Y'a pas à dire, la couverture originale
a pris un sacré coup de vieux...
Voilà un bon moment déjà que j'avais bouclé et chroniqué le premier tome des "Annales de la Compagnie Noire", considérée par beaucoup comme une référence en matière de dark fantasy. Ce premier tome m'avait laissé une impression un peu mitigée - quoique globalement plutôt positive.

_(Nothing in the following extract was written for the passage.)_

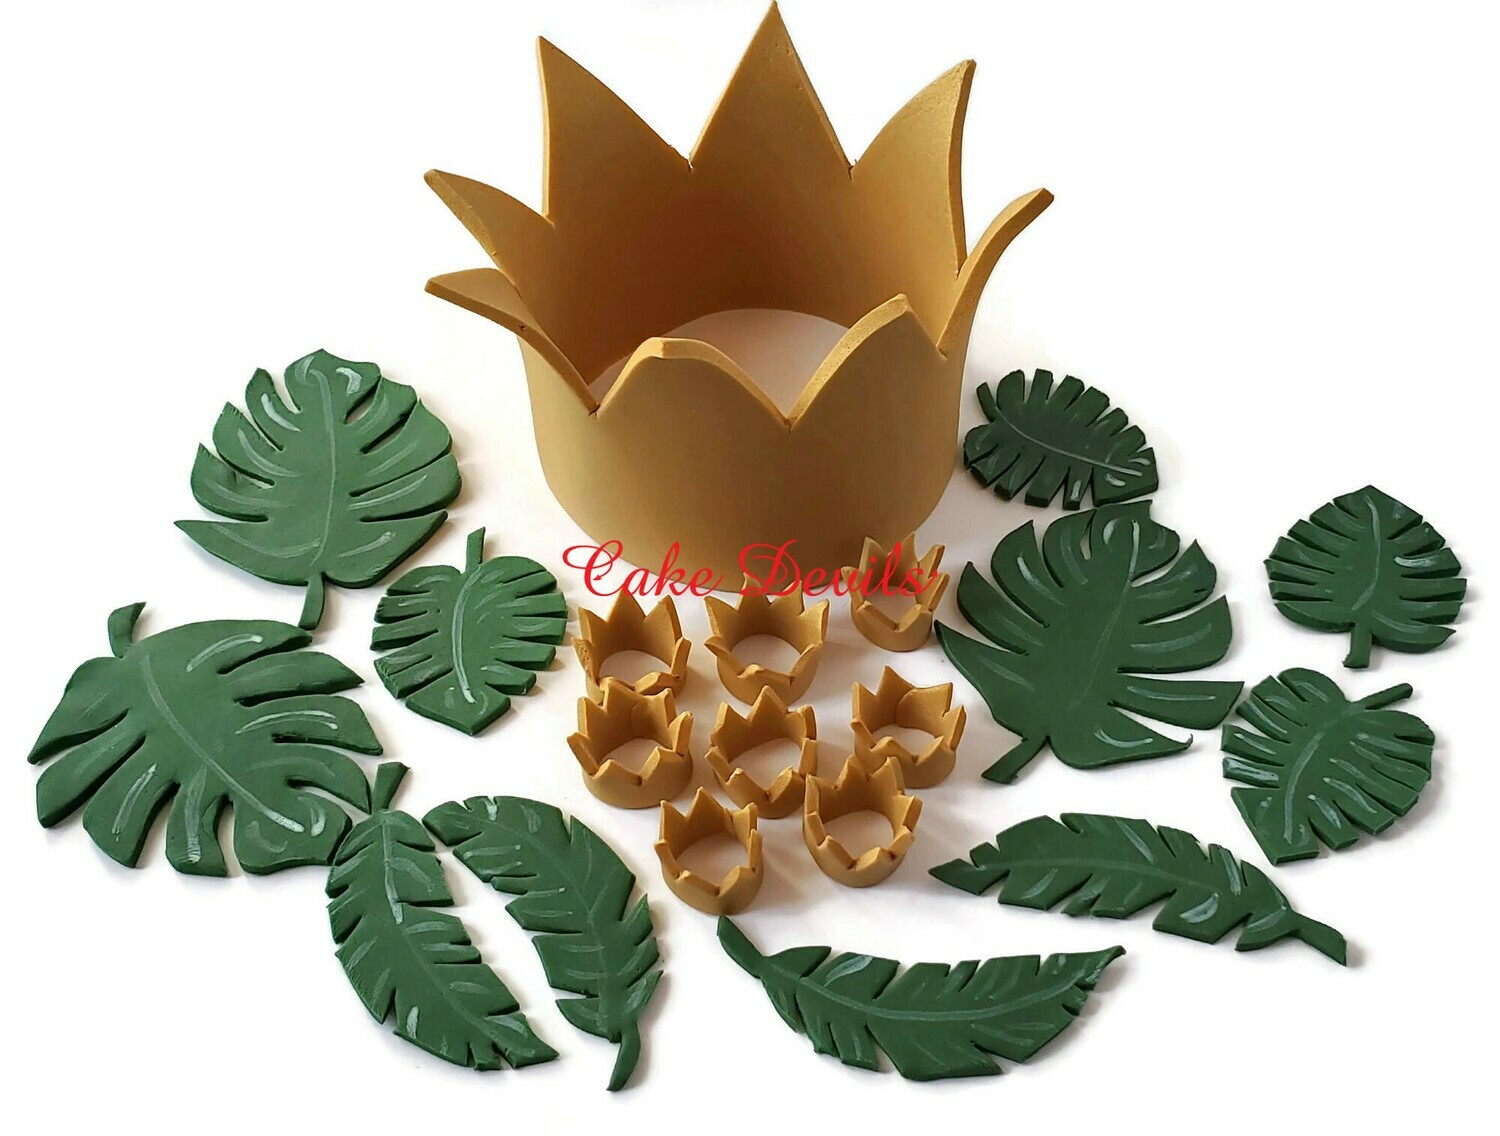 King of The Jungle Fondant Cake Toppers perfect for a Wild One Birthday Party, Fondant Crown, Monstera Leaves Cake Toppers, Palm Leaves

J'y avais regretté nottamment un rythme trop soutenu, une écriture parfois confuse (mais était-ce la faute de l'auteur ou du traducteur?) tout un appréciant le côté épique, de bons personnages, et une intrigue qui effectivement, sans casser trois pattes à un canard, sortait un peu des sentiers battus - une longue et dure campagne, la distinction difficile entre bien et mal, la vie dure des guerriers, la cruauté des deux côté, une sombre histoire de complot. Au final, en fermant ce tome, j'étais donc tout à fait prêt à attaquer la suite, plutôt satisfait de ma lecture, bien qu'il y manquât à mes yeux un petit quelque chose.
Un petit quelque chose que je n'ai eu aucun mal à trouver dans ce second tome. 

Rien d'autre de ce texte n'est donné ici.